Thailand’s baht fell to a three-year low and stocks dropped on concern prolonged political unrest will damp investment and hurt the economy.
More than 1,000 anti-government protesters have surrounded Prime Minister Yingluck Shinawatra’s home in Bangkok, as she criticized the opposition Democrat Party’s plan to boycott a Feb. 2 election. Suthep Thaugsuban, who is leading the demonstrators, has vowed to thwart the polls, which were announced after Yingluck dissolved the parliament on Dec. 9 amid mass protests. The Thai currency has lost 4.6 percent in the past two months as the main stock index dropped 9.1 percent.

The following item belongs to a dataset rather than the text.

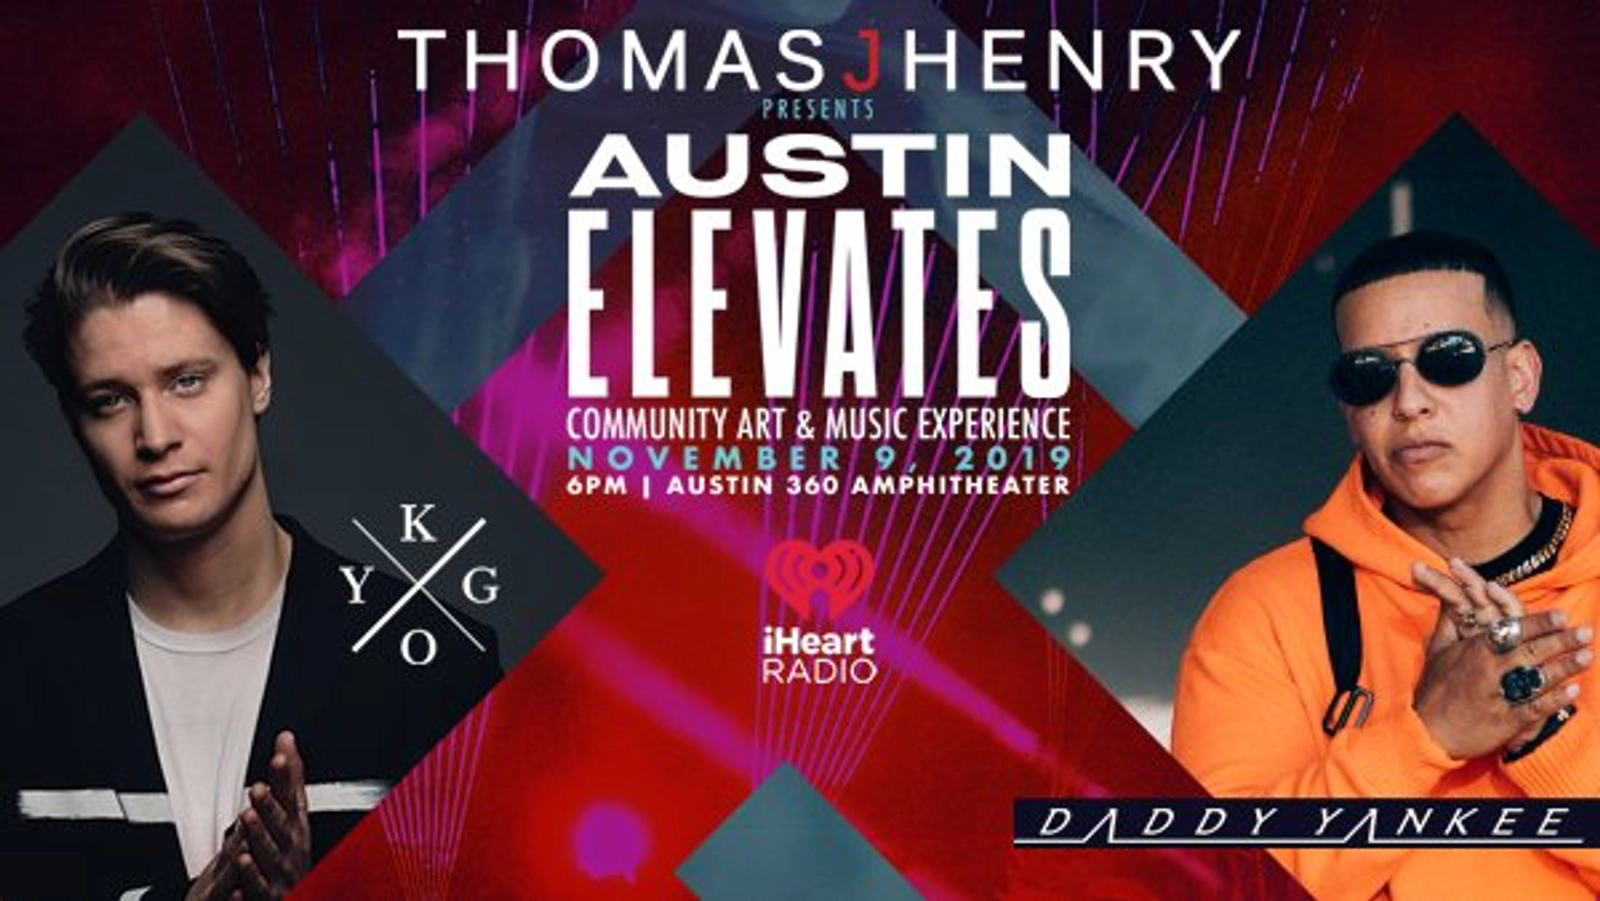 Enter to Win A Pair Of VIP Tickets to Austin Elevates Presented By Thomas J Henry! - Thumbnail Image

“Investors aren’t buying the Thai baht if this political situation continues,” said Kozo Hasegawa, a foreign-exchange trader at Sumitomo Mitsui Banking Corp. in Bangkok. The baht may gradually weaken toward 32.9 per dollar as the political conflict threatens the economy, he said.

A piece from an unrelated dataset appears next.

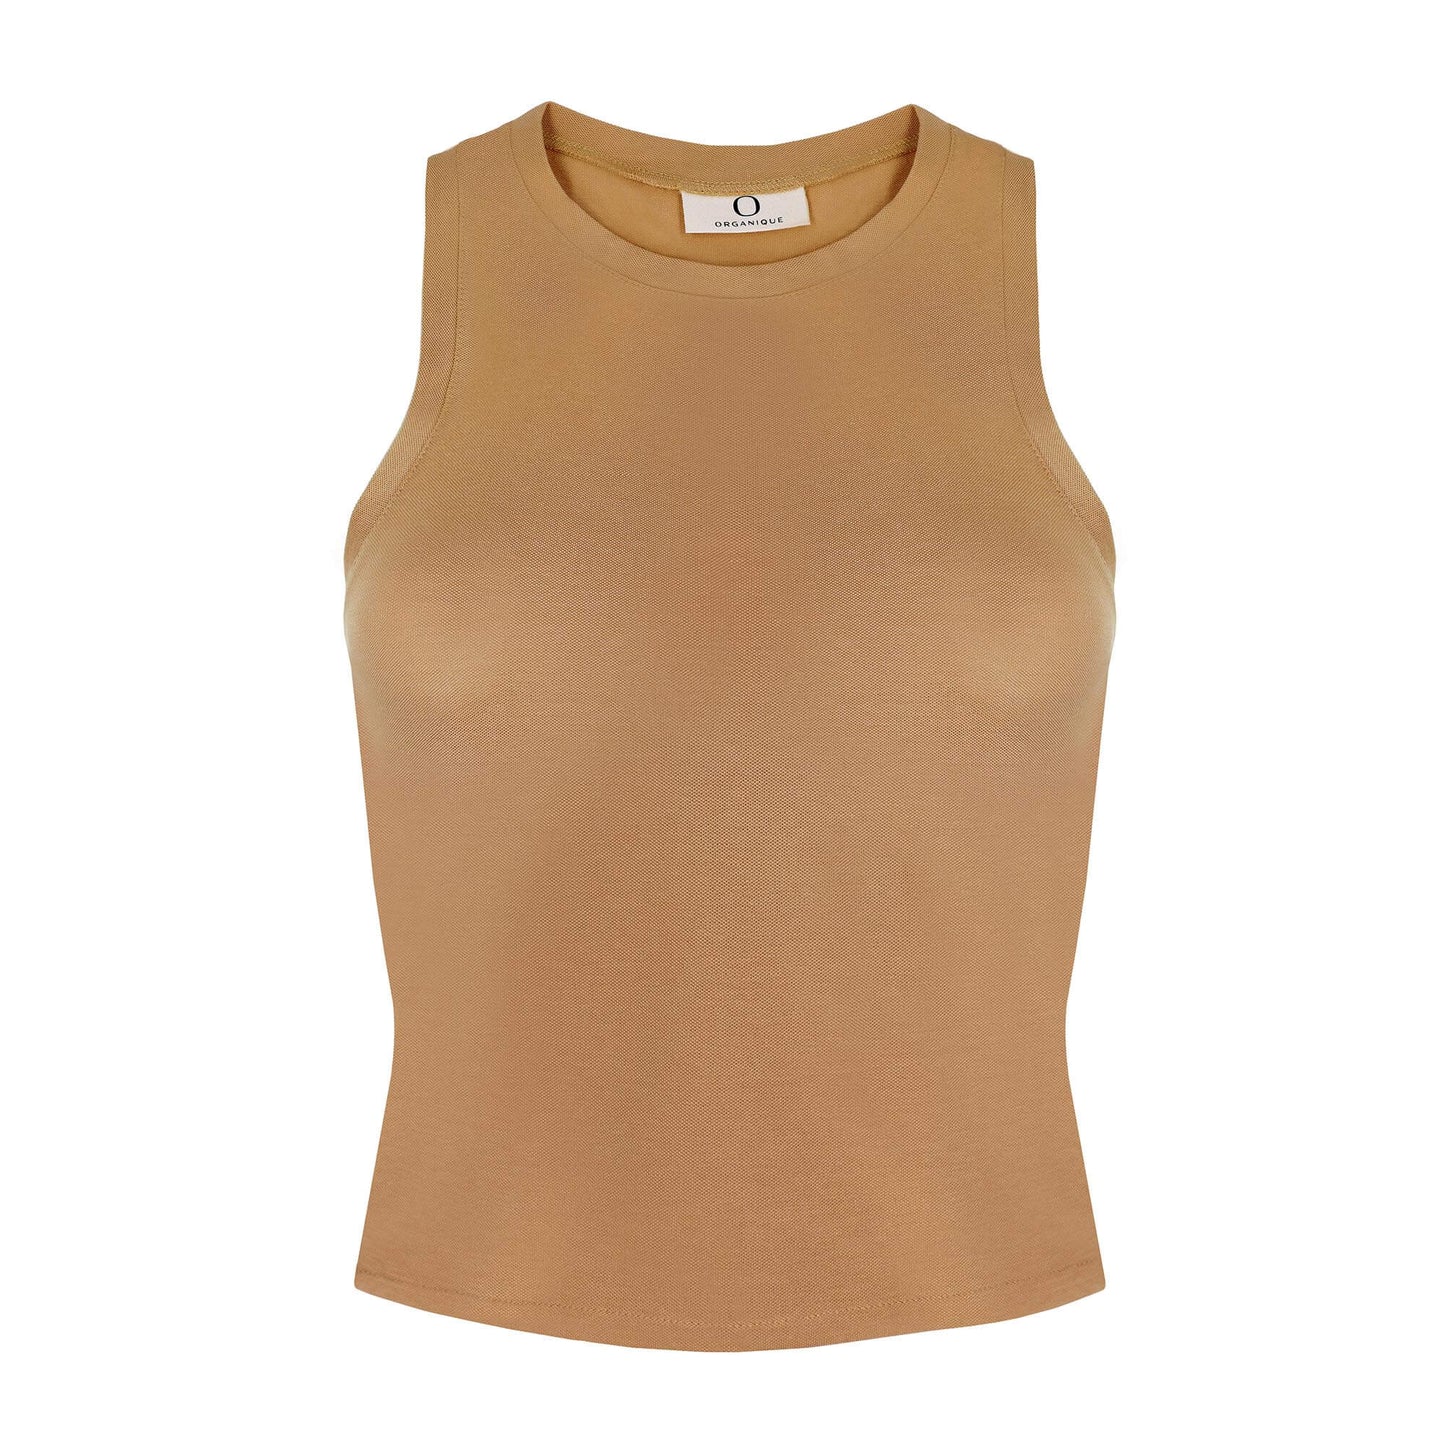 Image of vegan tank top in light brown made by Organique, a sustainable clothing brand.

The baht depreciated 0.2 percent today to 32.680 per dollar as of 4:49 p.m. in Bangkok, according to data compiled by Bloomberg. The currency touched 32.773 earlier, the weakest level since June 2010.
Thailand’s SET Index of shares dropped 1.2 percent to close at 1,326.14, the lowest level since Sept. 5. The gauge, already Southeast Asia’s worst-performing benchmark this year, lost 3 percent in the past two weeks. Today’s drop in local stocks was led by financial companies including Bank of Ayudhya PCL, which slid 22 percent.
Tourism stocks also extended declines. Thai Airways International Pcl slid 3.4 percent, closing at the lowest level since August 2009. The airline said Dec. 20 its fourth-quarter performance will be below expectations as political unrest cuts travel demand. Minor International Pcl lost 6.3 percent as it closed at the lowest level since Sept. 6.
Protesters swarmed around two Bangkok buildings today to block candidates from registering for the election. Thirty-four parties, including Yingluck’s, were able to apply today, the first of a five-day registration period, Election Commissioner Somchai Srisuthiyakorn told reporters in Bangkok. Southeast Asia’s second-biggest economy expanded 2.7 percent in the third quarter, the least in more than a year.
The baht has weakened in an “orderly” way as the market continues to adjust to the Federal Reserve’s plan to taper its stimulus and the ongoing political unrest in the nation, Bank of Thailand spokeswoman Roong Mallikamas said in an interview. The central bank has “nothing special” planned to manage the currency at the moment, Roong added.
As the effectiveness of the election to end the street protests is now in doubt, the baht will come under more pressure, Credit Agricole CIB’s Hong Kong-based analyst Anthony Lam wrote in a research note today.
One-month implied volatility in the baht, a measure of expected moves in the exchange rate used to price options, was little changed today at 6.24 percent.
Government bonds gained. The yield on the 3.625 percent notes due June 2023 declined five basis points to 3.98 percent, data compiled by Bloomberg show. The rate has dropped 15 basis points so far in December.